--- WHAT TO WORK ON ---
Transcribe the data exactly, omitting whatever pictures it holds.

--- DATA SEGMENT ---

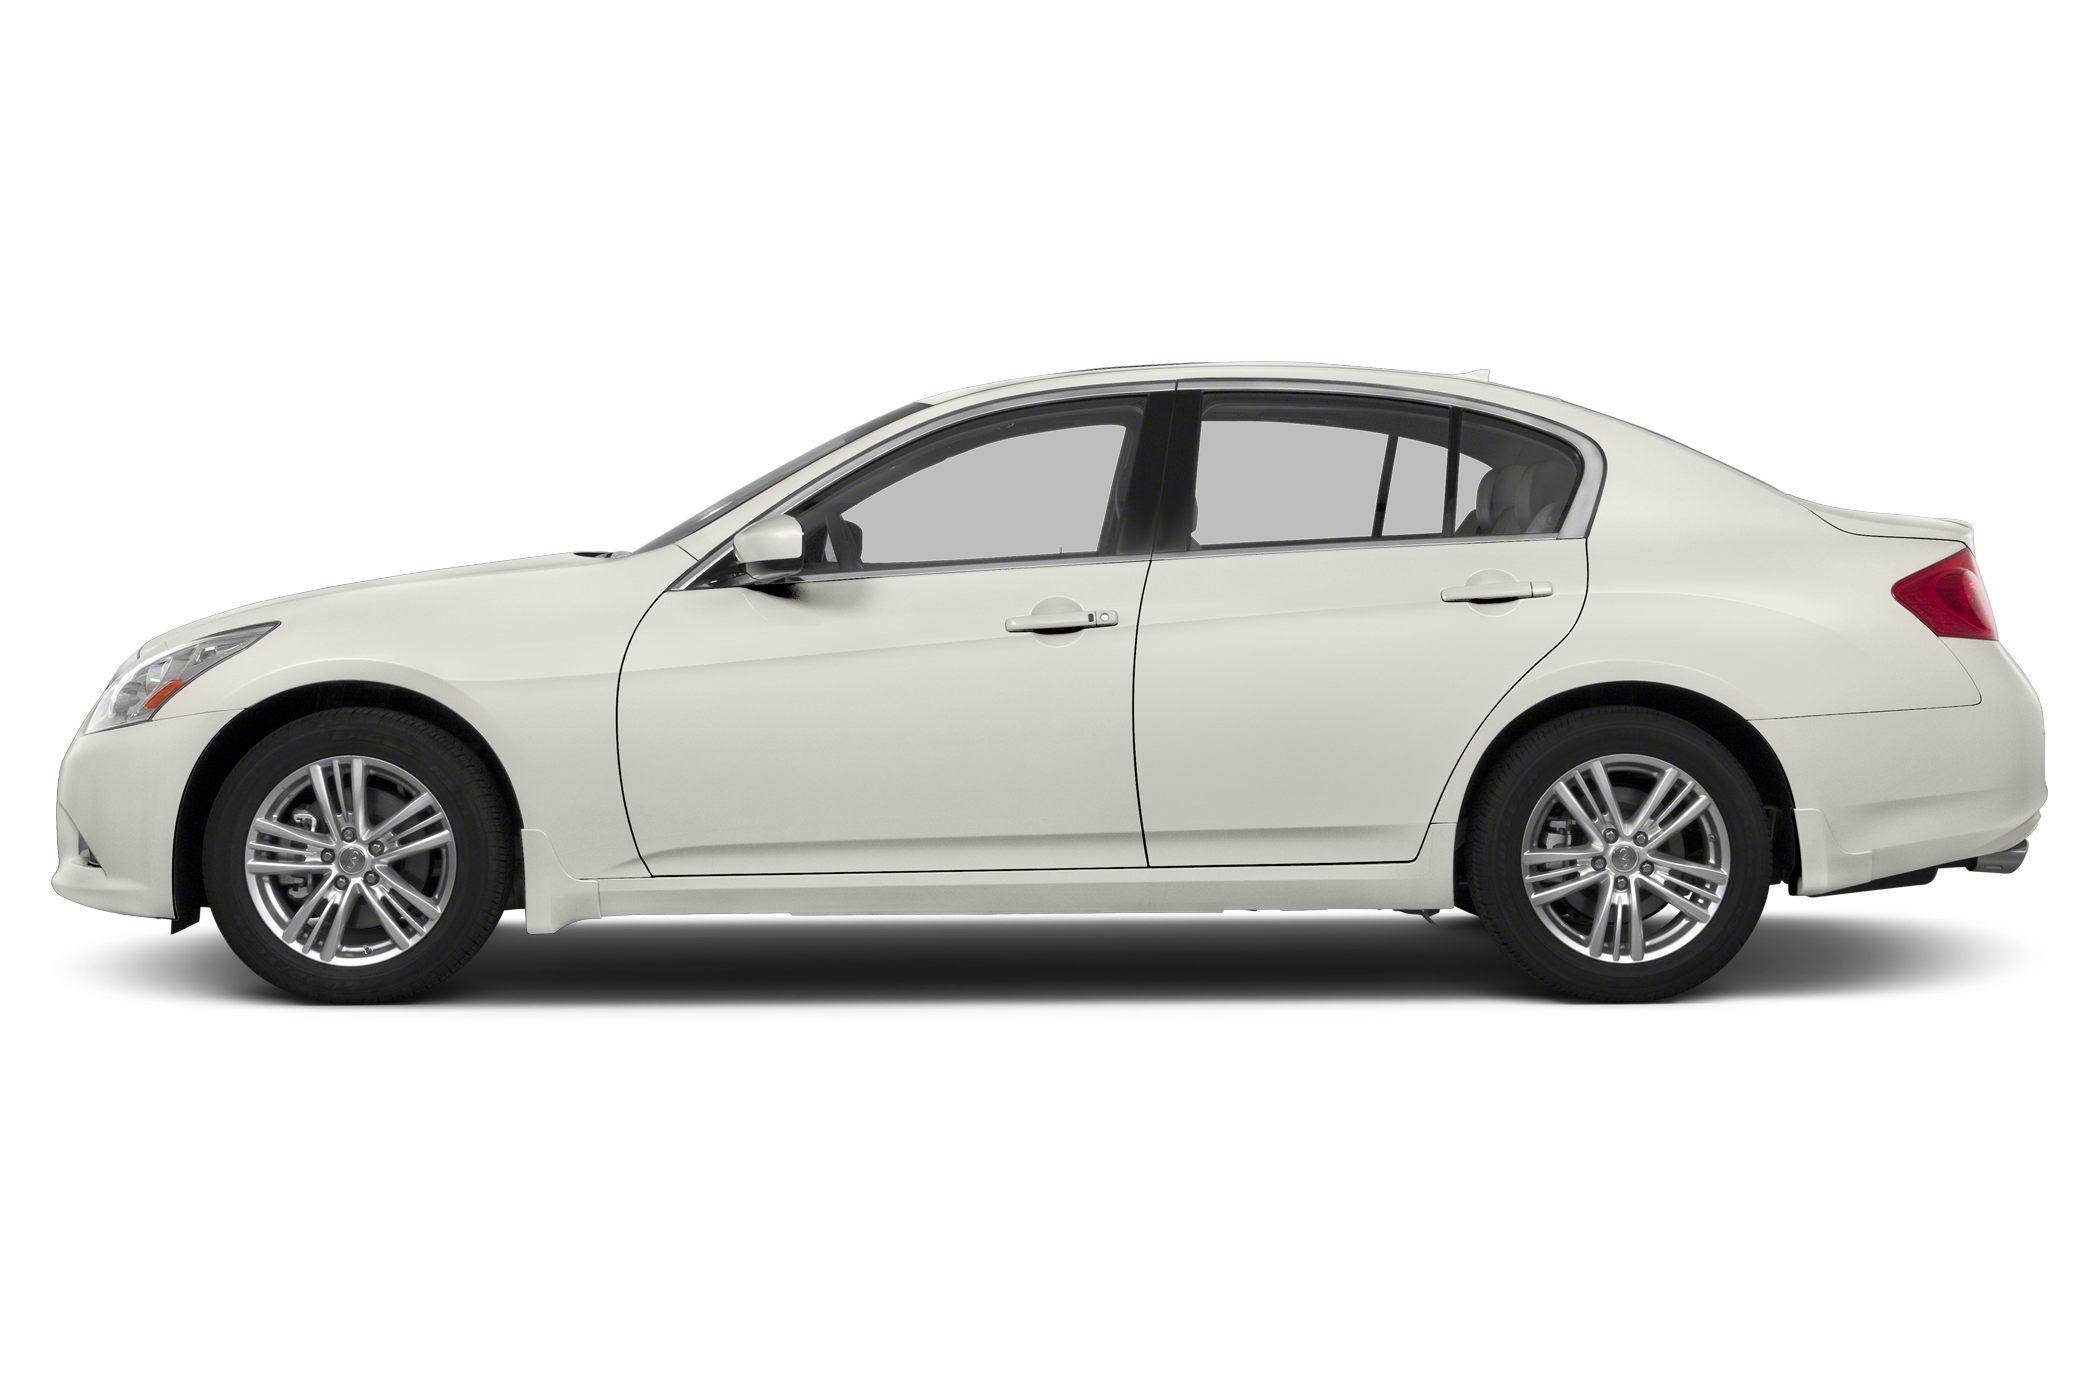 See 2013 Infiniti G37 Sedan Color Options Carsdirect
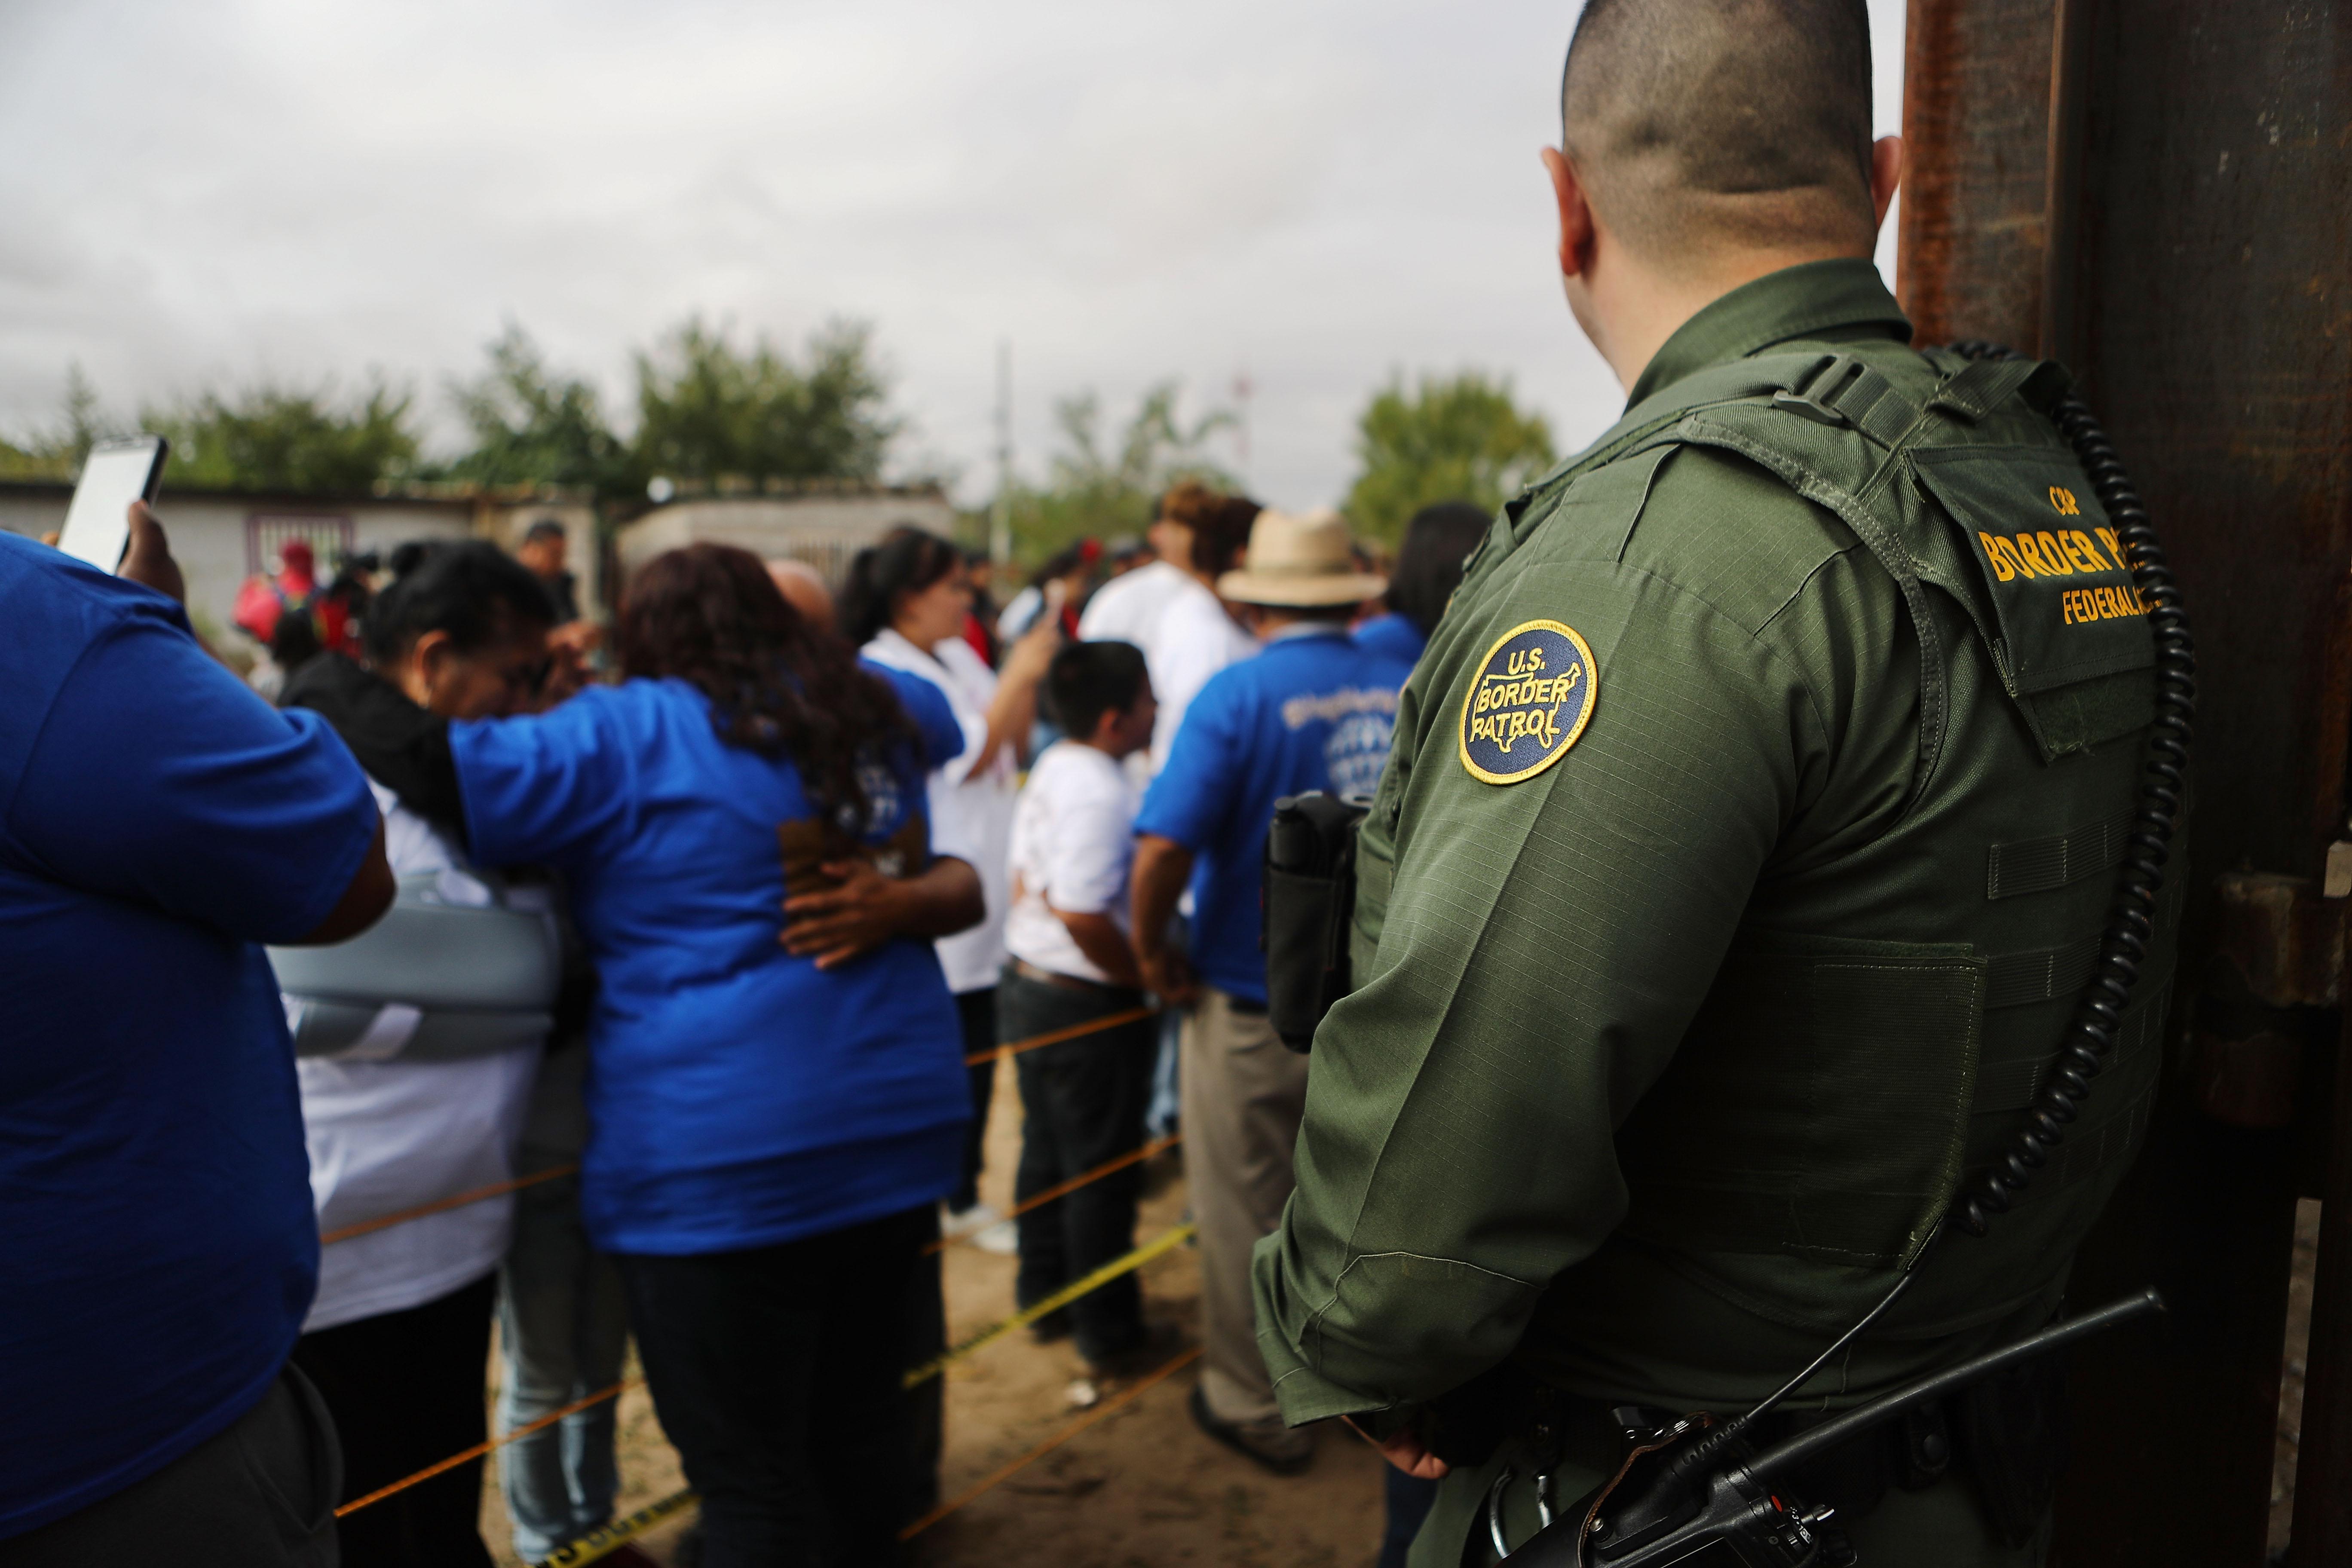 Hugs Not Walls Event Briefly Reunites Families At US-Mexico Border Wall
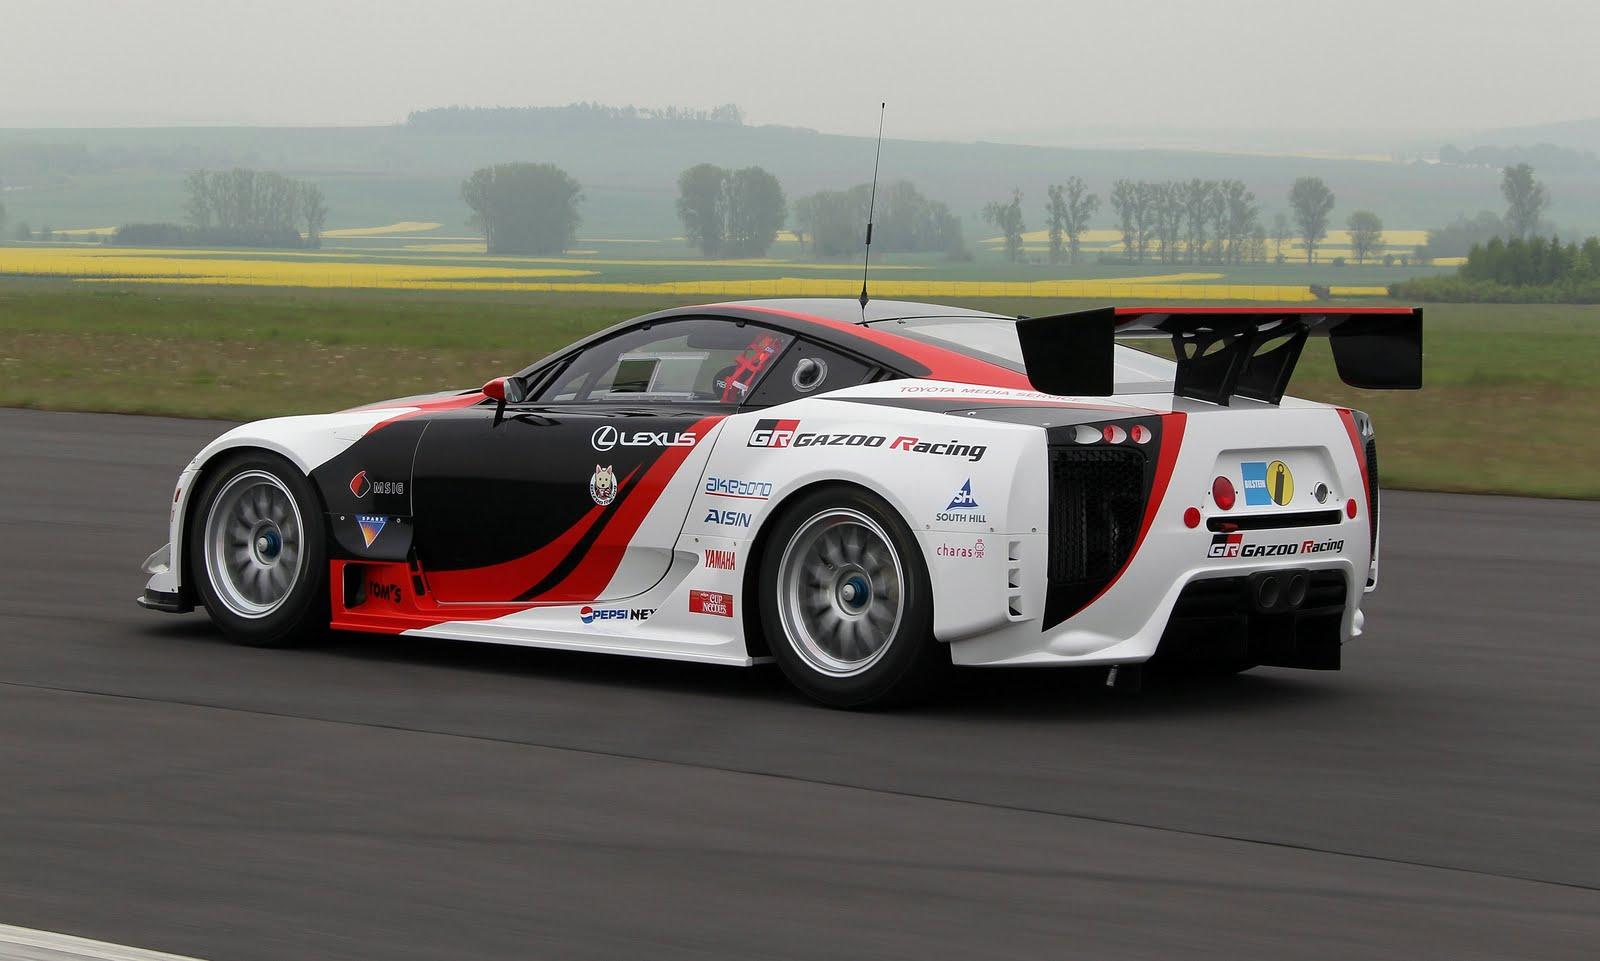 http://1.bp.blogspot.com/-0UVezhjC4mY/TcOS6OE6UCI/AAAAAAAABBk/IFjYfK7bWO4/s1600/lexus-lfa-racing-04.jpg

--- RESPONSE ---
 See 2013 Infiniti G37 Sedan Color Options Carsdirect
 Hugs Not Walls Event Briefly Reunites Families At US-Mexico Border Wall
 http://1.bp.blogspot.com/-0UVezhjC4mY/TcOS6OE6UCI/AAAAAAAABBk/IFjYfK7bWO4/s1600/lexus-lfa-racing-04.jpg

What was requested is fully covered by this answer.